Glossary of AI Terminology

What Are Evaluations (Evals)?

Evaluations (evals)

Evals, or evaluations, are structured tests for measuring the quality of a system, process, or outcome.

In AI applications, evals help teams measure whether a model, agent, or workflow is behaving as expected. An eval usually includes the thing being evaluated, criteria for judging it, and a scoring method that returns a label, score, or explanation.

An eval usually takes an input, an output, and a scoring method, then returns a label (such as "Hallucination – Hallucinated (1), Not Hallucinated (0)") or score with an explanation. The scoring method might be an LLM judge, a deterministic code check, a human review workflow, or a mix of all three.
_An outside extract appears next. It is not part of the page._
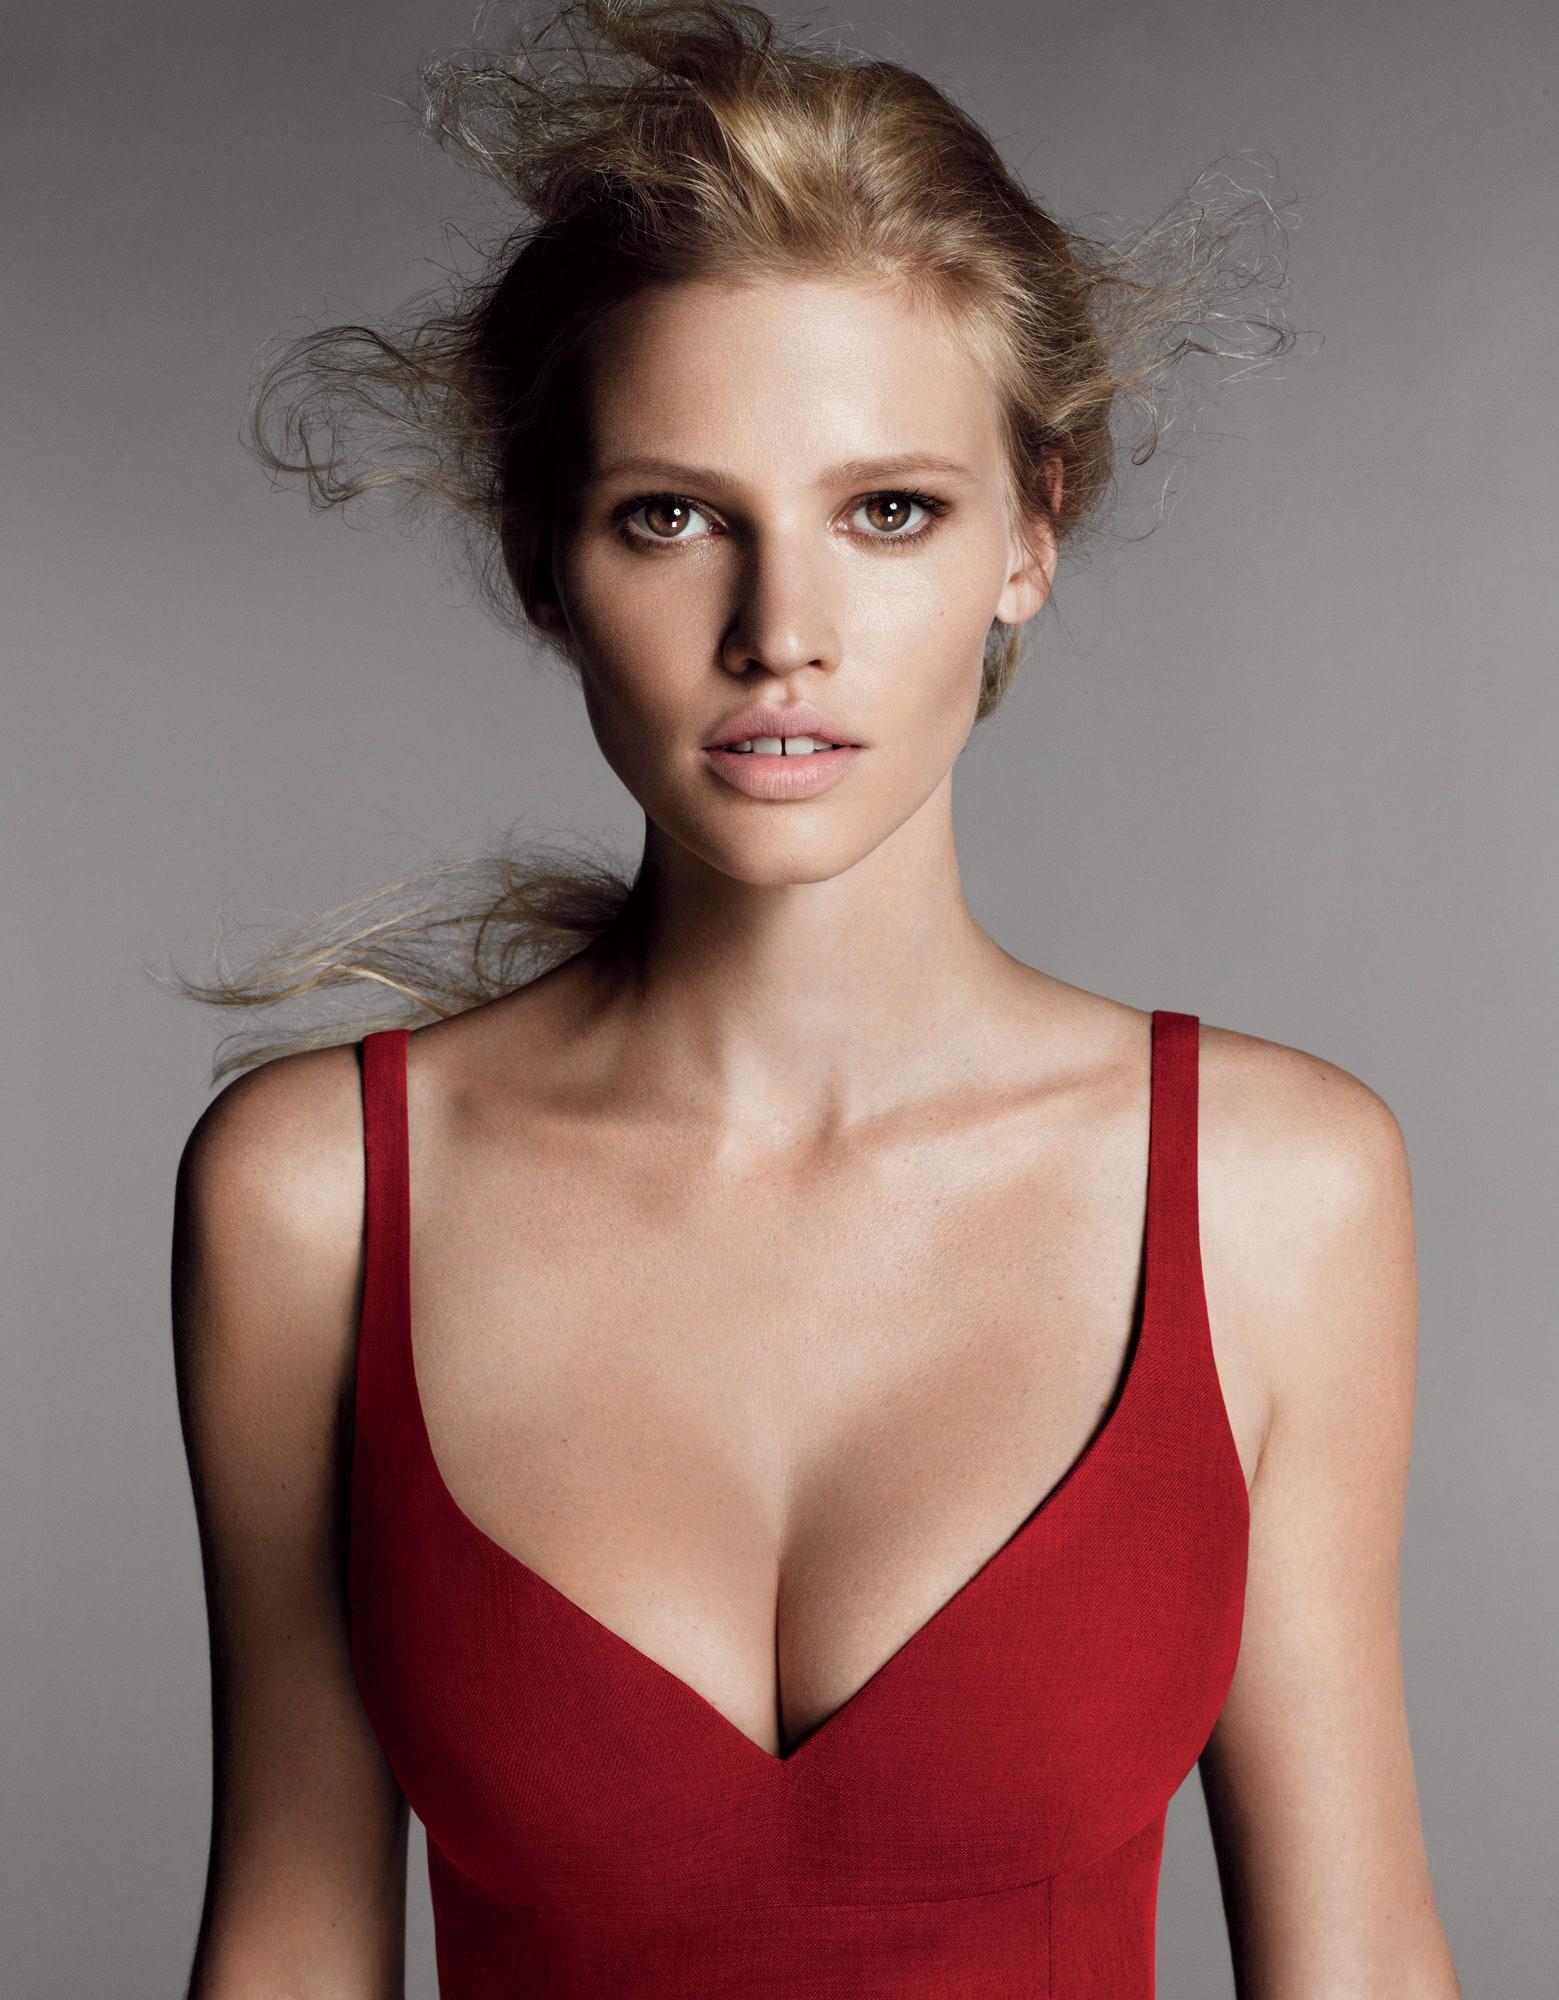 Shrinking is whos women breast

Running a few evals is not the same as having an evaluation practice. A real practice is repeatable, connected to traces and datasets, and wired into the places teams already ship software: development, pull requests, CI/CD, staging, production monitoring, and incident response.

Most importantly, evals are a foundational way of determining if your agent is still working the way you intended. Without evals, agents can regress quietly. A prompt change, model upgrade, tool update, or retrieval change can look harmless and still break the workflow users depend on. Evals can also be used within CI/CD (continuous integration, continuous delivery) pipelines as automated checks that run in production.